Mana-ma found a way to spin it. God had simply called him home. I saw it for what it was: a failed experiment. Would she try to change us again in Meditation, and if so, who would she choose next? Would it go wrong?

I didn’t want to stick around to find out.

My parents were from San Francisco. They’d joined as idealistic teens and I think, somewhere over the next twenty-odd years, they realized they had made a mistake.

Our mom helped run the accounts and our dad was in some ways Mana-ma’s muscle, along with Uncle Tau (not our uncle by blood). They didn’t often have to be muscle, thankfully, but if people weren’t pulling their weight they’d have a quiet word with them. But they weren’t Mana-ma’s right-hand men; her most trusted advisors were Kieran, Niran and Daniel.

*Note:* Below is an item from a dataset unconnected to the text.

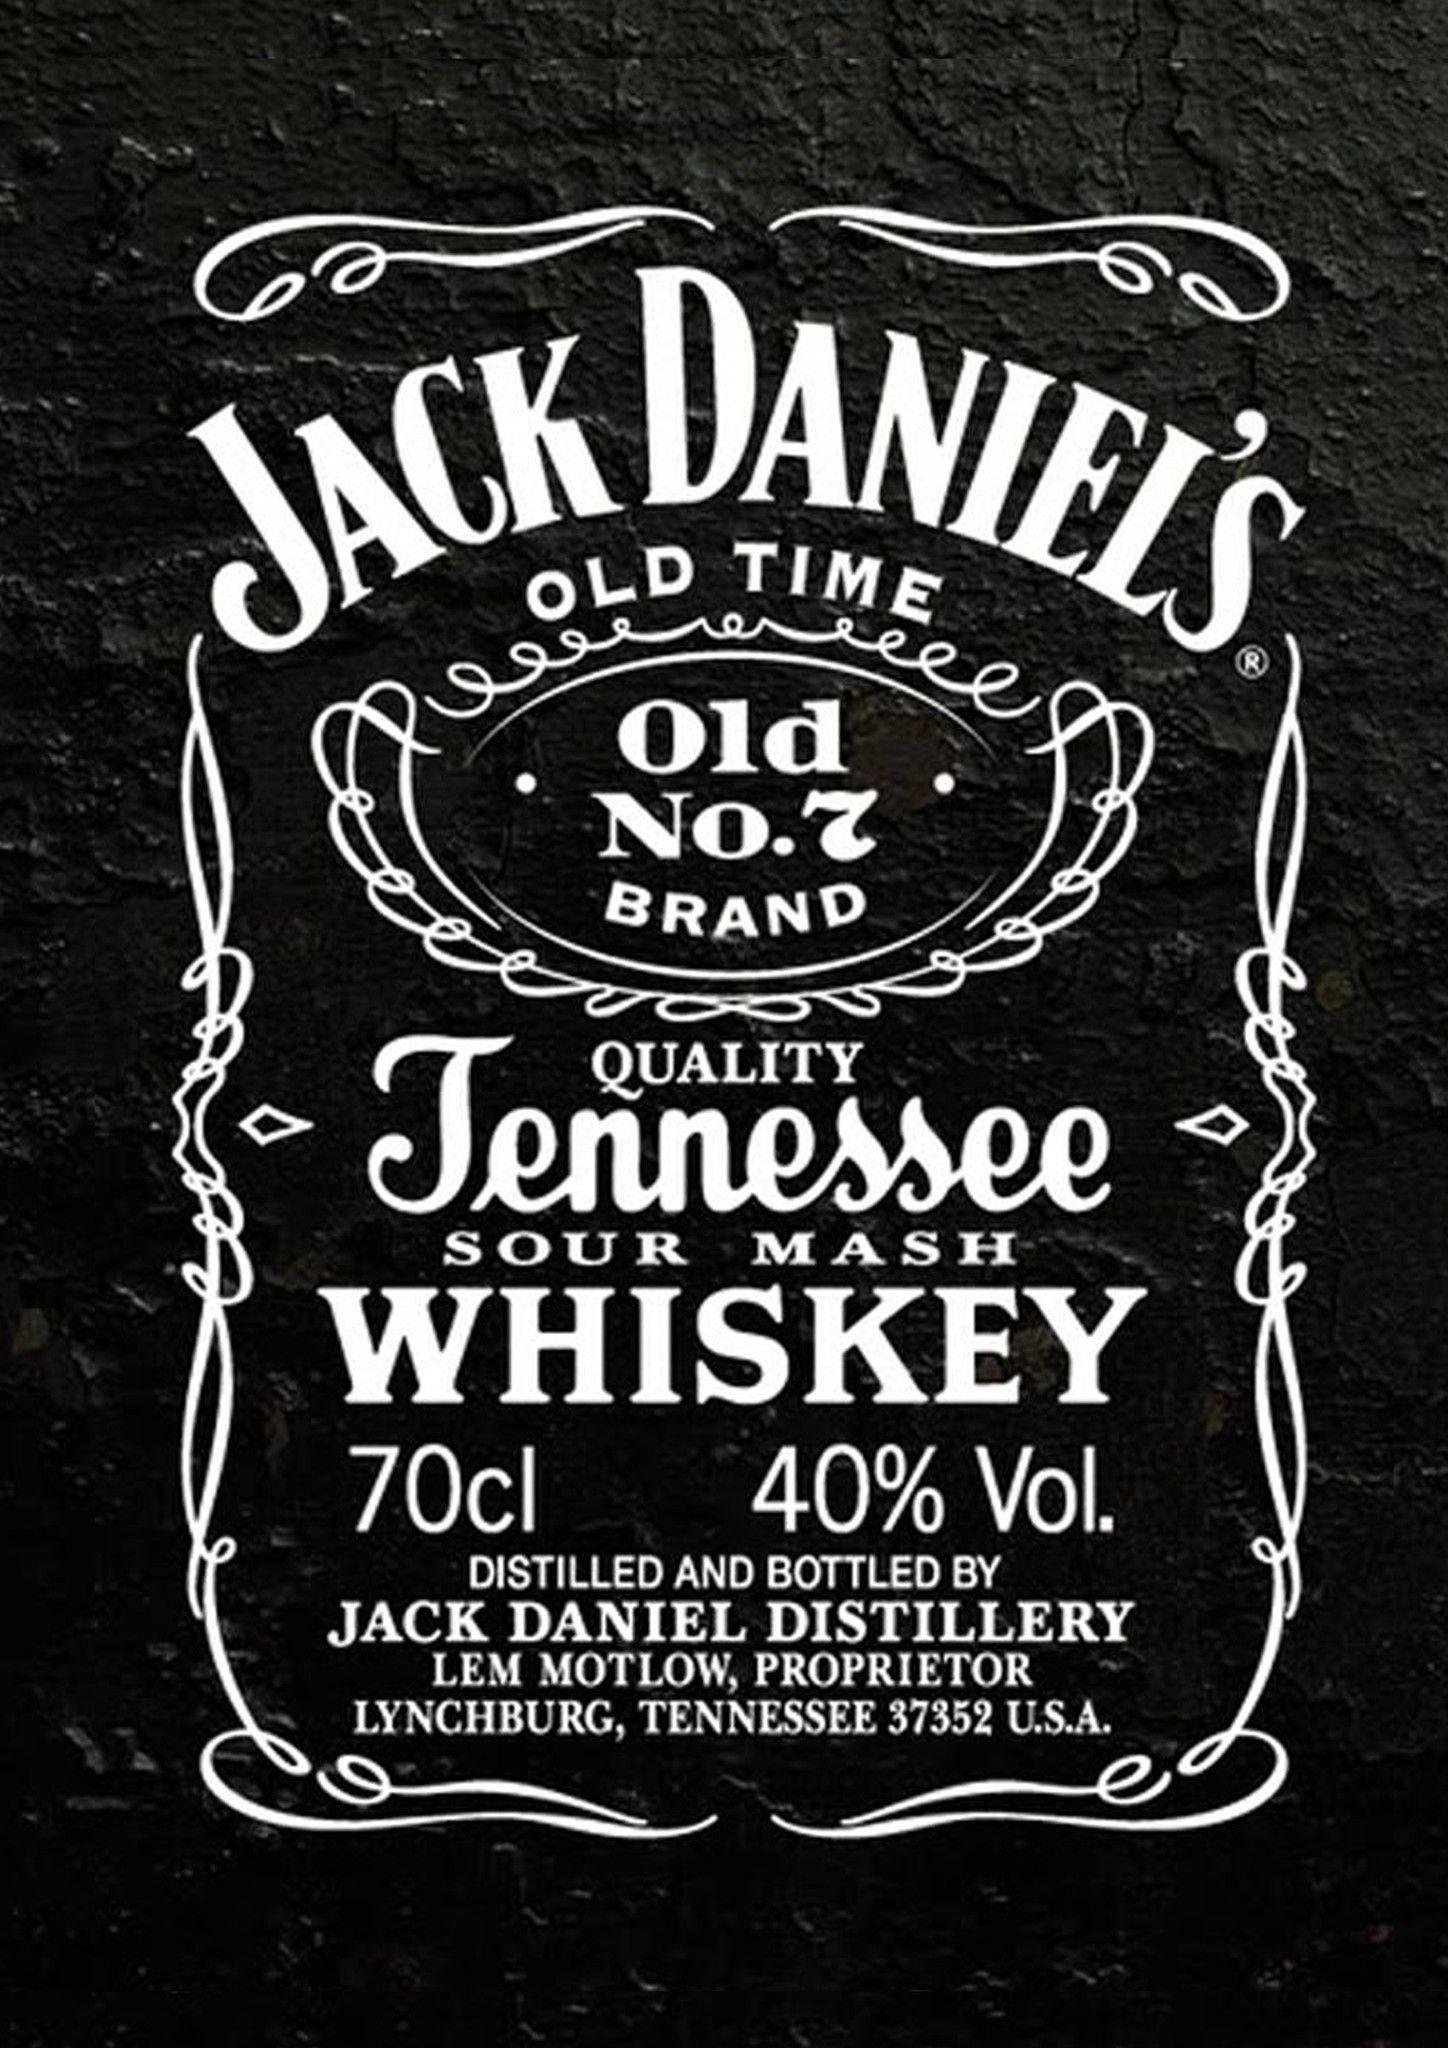 Jack Daniel's Poster Jack daniels, Jack daniel's

When we were sixteen, Kieran, Niran and Daniel were aged about twenty-seven to thirty. They’re probably still her main muscle. She’d groomed them for the role since they were little. Loyal as watchdogs, and just as scary.

After our heart attack, everyone in the Hearth was very nice to us. We didn’t have to do our chores (we couldn’t really, anyway, we were so weak). Our friends came by the house a lot and we played cards. Taema and I played on the same team because otherwise it’d be too easy to cheat. Our friends were shy around us, not wanting to meet our eyes. They knew we were probably dying, and it embarrassed them. Made me want to force them to look at us, right in the eyes; but if I’d done that, they probably wouldn’t have come back and played cards again.

We’d ask Mom and Dad how much time we had left, but they didn’t want to answer. We heard them murmuring at night in the other room, but even though we pressed our ears to the doorjamb, we couldn’t hear anything. We knew they were talking about us, though, from the tone. Hushed, worried. Nervous.